Developer Tools

OpenAI's WebRTC problem

WebRTC's aggressive packet dropping degrades AI voice prompts, says veteran engineer.

Deep Dive

A certified WebRTC expert who rewrote the protocol at Twitch and later at Discord has penned a scathing critique of OpenAI's technical choice to use WebRTC for their Voice AI product. The engineer claims that WebRTC's core design is optimized for real-time human conversations where occasional packet drops are acceptable, but this is disastrous for AI voice interactions. Users pay for accurate responses, yet WebRTC aggressively drops audio packets under poor network conditions to keep latency low. This means a user's prompt can be garbled, leading to incorrect AI replies. The irony, the author notes, is that OpenAI adds artificial latency to smooth delivery, then WebRTC drops those same packets anyway.

Further compounding the problem: text-to-speech generation is now faster than real-time, meaning audio could be buffered locally to survive network blips. But WebRTC's jitter buffer is tiny (20-200ms) and has no mechanism for retransmission of lost audio packets in browsers—Discord tried and failed to enable NACKs. The expert warns that copying OpenAI's architecture is a mistake. Instead, voice AI services should use protocols that allow buffering and retransmission, prioritizing prompt integrity over conversational latency.
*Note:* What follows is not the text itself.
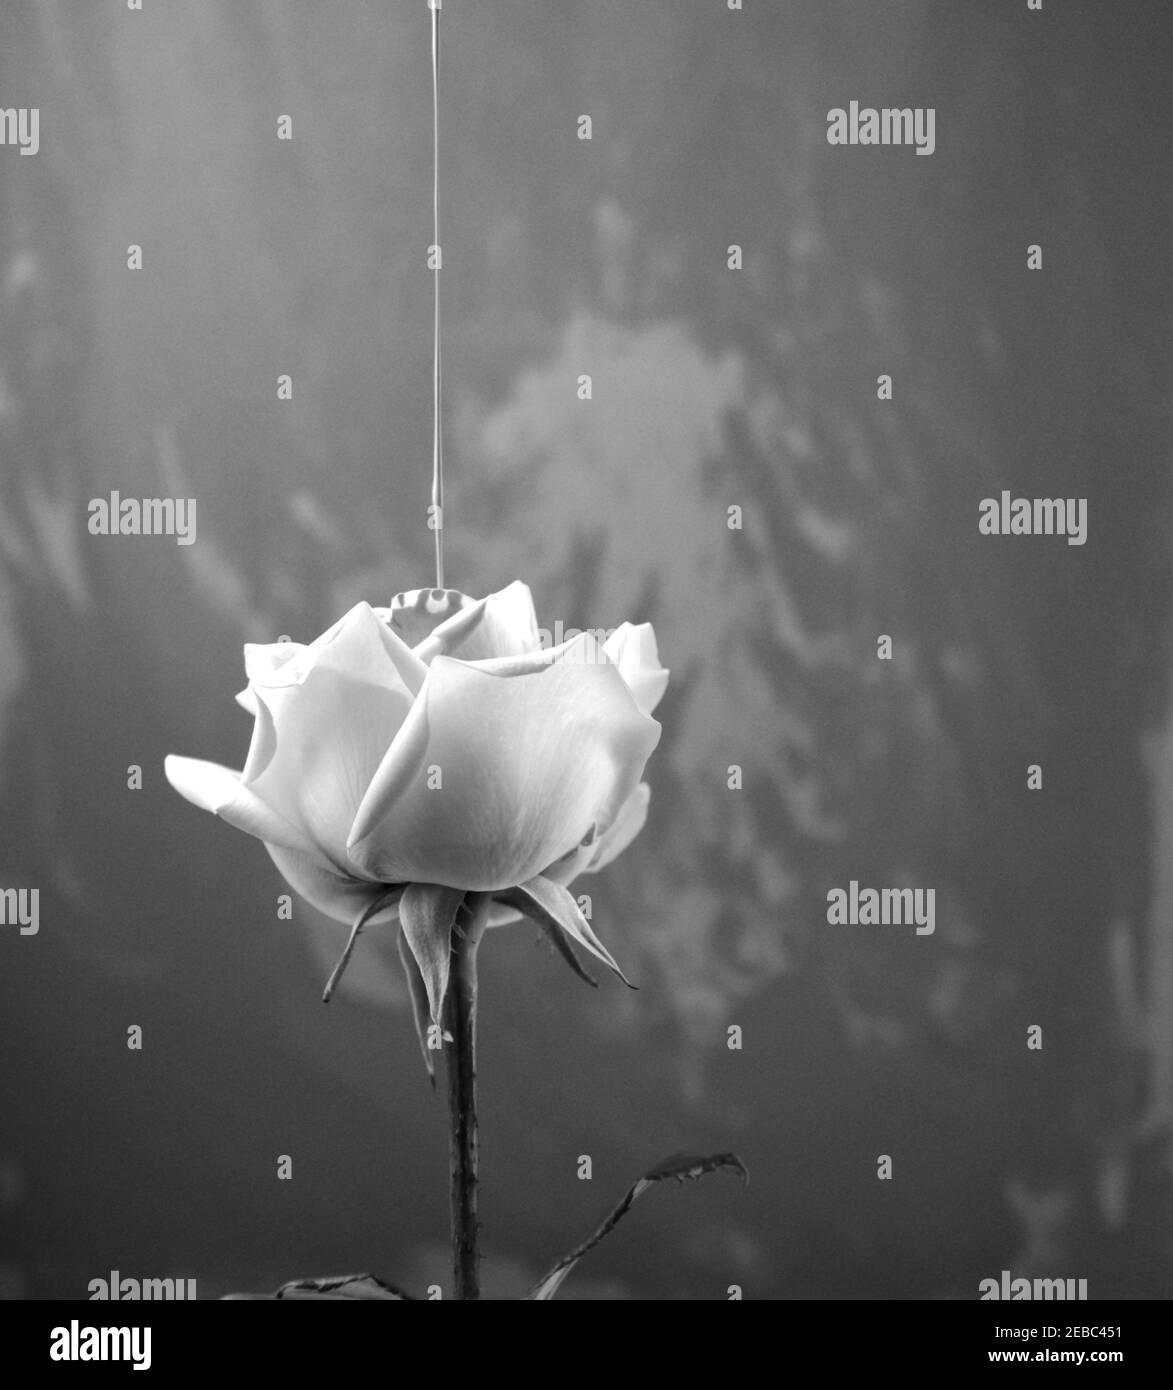 Fotografía de estilo vintage en blanco y negro. El color del líquido acrílico se vierte en rosa. Vista lateral de flor única con arte irregular Foto de stock

The post also touches on the complexity of WebRTC's ~45 RFCs and its reliance on de-facto standards like TWCC and REMB.

Key Points
  • WebRTC drops audio packets to maintain low latency, but for AI voice prompts accuracy matters more than speed.
  • OpenAI adds artificial latency before sending packets, then WebRTC drops them anyway—introducing a double degradation.
  • TTS generates faster than real-time, but WebRTC's tiny jitter buffer (20-200ms) prevents buffering that could mask network jitter.

Why It Matters

Voice AI developers should avoid copying OpenAI's WebRTC stack to prevent degraded user experience from packet loss.